If a host wants info about how the sitter will spend their time during the sit, that’s completely fine. How it’s asked matters. Wanting a general sense of what the sitter might be doing is different than wanting work details.
Welcome to THS @Kena your line of questioning seems more like an interview and could be off putting to sitters. I totally understand your being cautious and mindful of whom you give access to your home and pets but also be mindful that us sitters are just as cautious with whom we share our personal information. My suggestion is to have a video chat with potential sitters you’re interested in and present as a casual conversation (incorporating the questions you’d like to ask) rather than an interview format. I’m an American who has pet / house sat for over a year throughout Europe, Asia, Australia, UAE, North America I’ve never been asked this line of questioning when video chatting for a potential sit. The only time I was asked for ID was in the Philippines - the HO needed to provide a copy to the concierge to add me to their guest list. Also, read the sitter’s profile and reviews throughly. Make sure the sitter has experience that aligns with the level of care needed for your pet. Good luck!
In this day and age , surnames can be incredibly revealing ! Google, anyone !?!
Another sitter chiming in : Every single q you have posited is acceptable in my book (but some of us don’t have Linked in or other social media presence).
I have this theory about asking people questions about themselves : I believe that anyone can ask anyone else anything - as long as the questions are asked with respect, honesty and actual interest and have merit.
And, I also believe that the respondent can chose to not answer any question asked of them - for any reason or no reason.

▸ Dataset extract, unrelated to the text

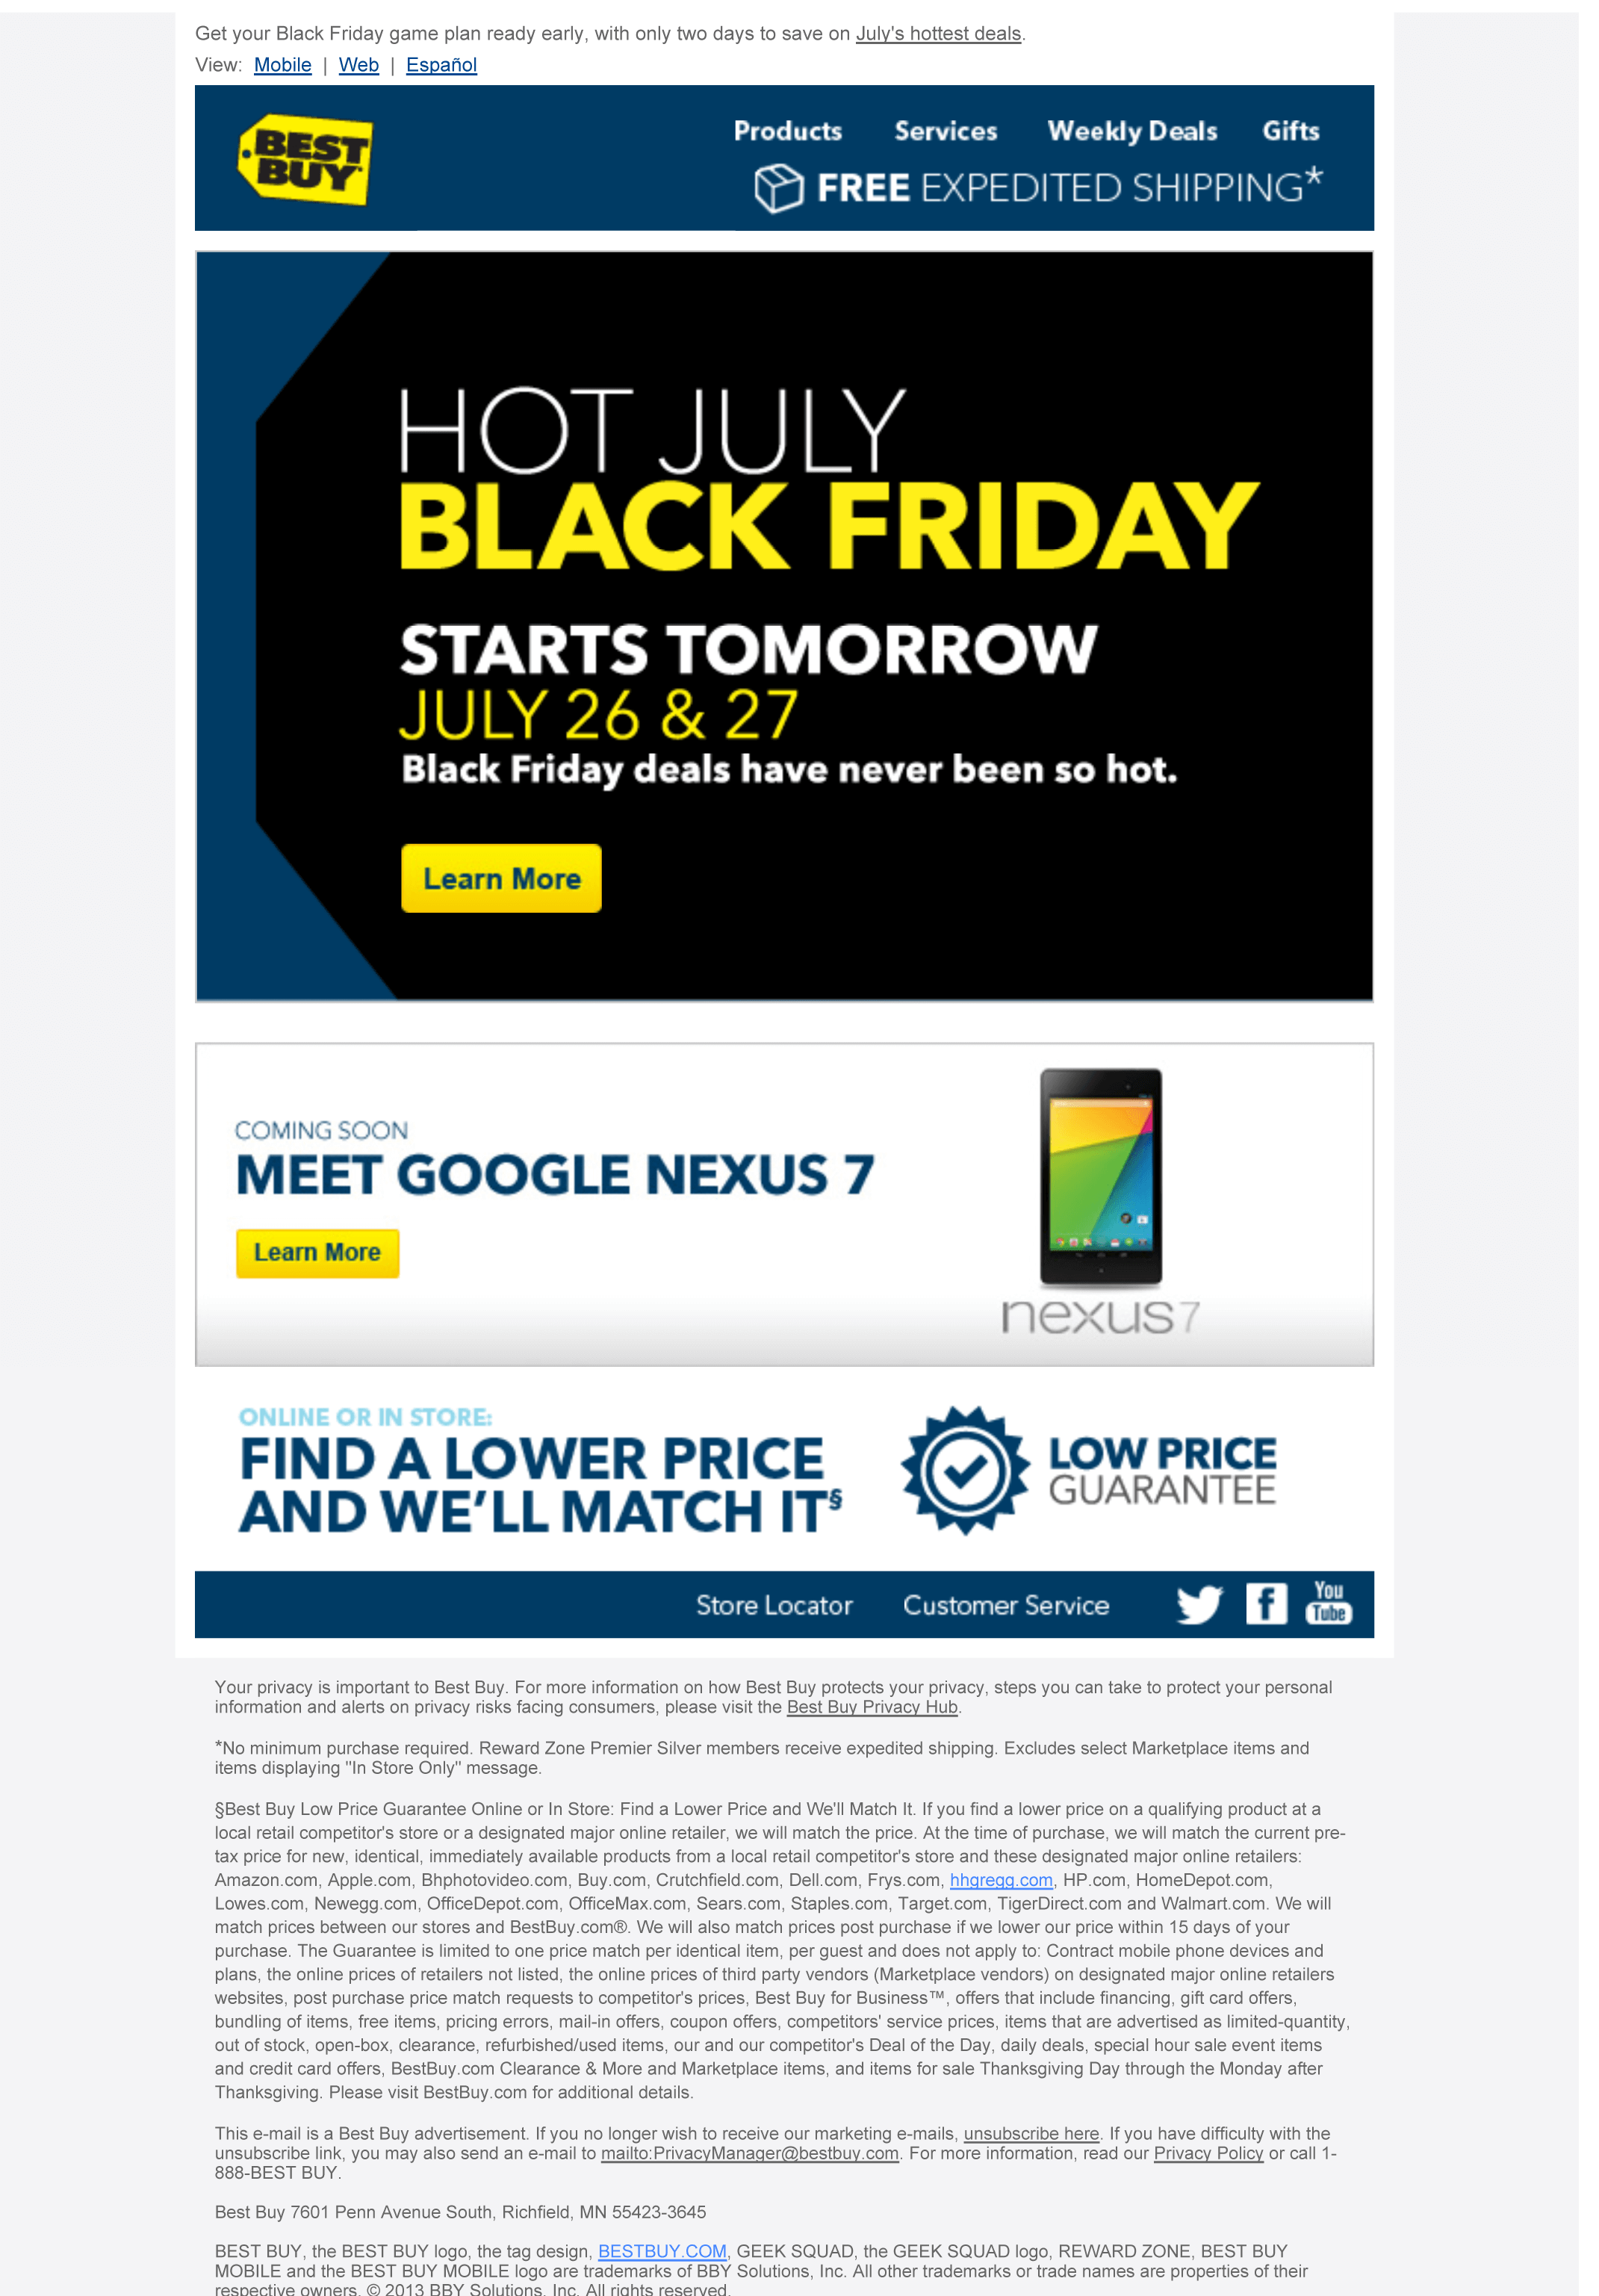 Best Buy - Black Friday

Tangentially, I spent decades working in daily news and we asked all sorts of sensitive and provocative Qs. The skilled folks always got results when asking. The ones lacking such ability typically fell short over and over. And since changing careers years ago, I’ve found that knowing how to ask even about sensitive or provocative things works just as well in different circumstances.
Some folks on this thread keep chiming in to say that X questions are perfectly fine. I suspect that that won’t help the OP, if they keep asking as they did, because HOW they’re asking is likely the problem. Knowing how to frame the right Qs and delivering them in the right tone matter.
Note that there have been various comments from sitters over the years on this forum that have mentioned sitters passing on sits because the potential hosts came across as entitled, micromanaging, untrusting, like they were hiring, etc.
The fact that the OP is nervous, a first-timer, etc., makes it more likely that they don’t know how to ask (versus a sitter refusing to share a bunch of basic info just randomly). If that sitter routinely did that, they’d never get sits.
I do believe that all opinions are valid and helpful. I think this question
can only be answered by saying how we feel and that is going to be different for different people. @Kena will be able to draw their own conclusions by reading all the different posts and their different perspectives.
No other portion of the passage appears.